I just read this great article by Lachlan Bryan over at Artshub.  I think he makes some excellent points.  Some of my most enduring favourite music has been found because I took a punt and bought a  cd from an unsigned artist on CD baby or I clicked through a link on a music blog to something that sounded interesting and bought the album on itunes or through bandcamp.  I don’t do it enough either anymore- I’ve made a loose rule for myself, that if there is a song being played on independent radio here in Melbourne that I find myself singing along to in the car constantly- I write down the name and go home and look for it on a digital store.  Last one I’ve nabbed is Lost Animals– Lose the baby. Such a fantastic song.

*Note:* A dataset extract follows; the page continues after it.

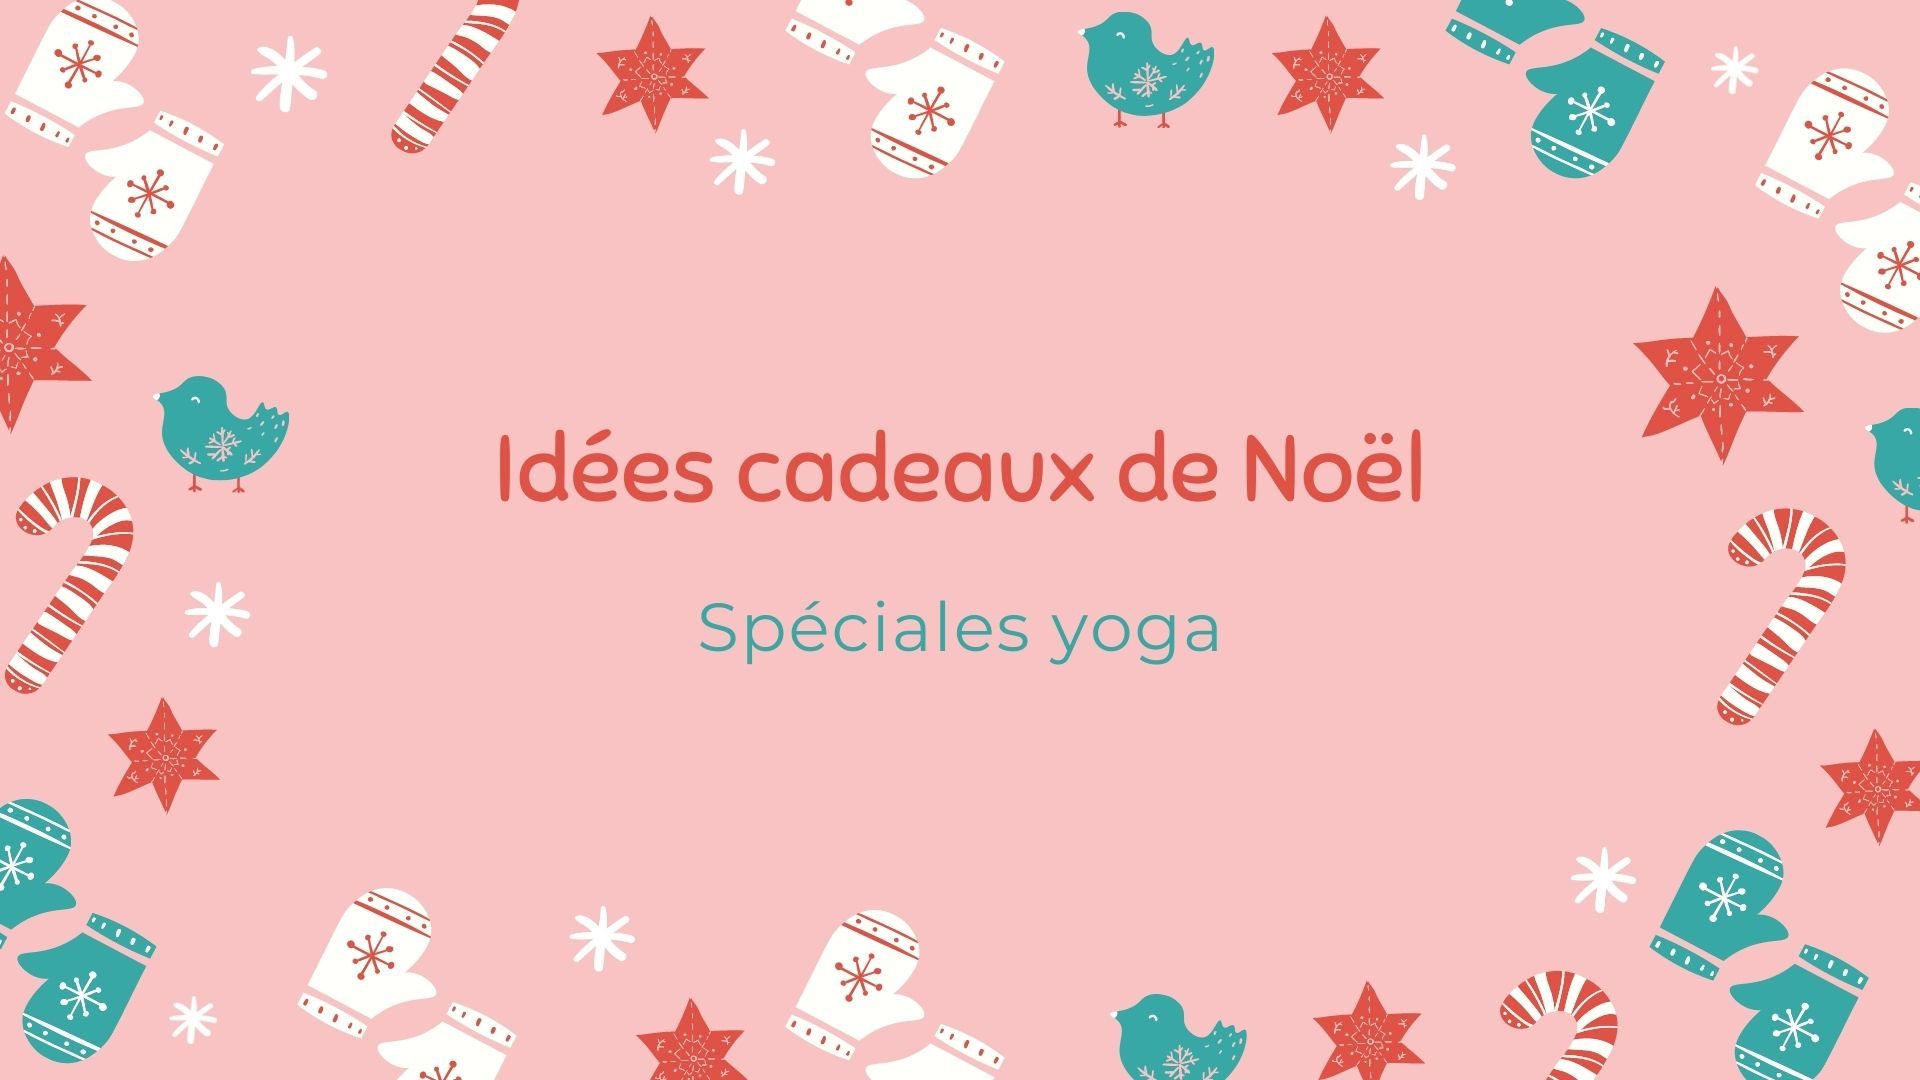 60 Idées Cadeaux de Noël Spéciales : Yoga pour tous les budgets

There really are amazing songs out there- not just the ones that come to your attention through great marketing and hype.  we all need to stop saying we can’t afford to buy music.  When you only had the options to buy CDs- you saved for that CD you just had to have, you found a way to own it and you played it over and over for weeks.  It’s a brilliant feeling falling in love with a song- be brave, take a punt and actually go and buy some music that you are passionate  about.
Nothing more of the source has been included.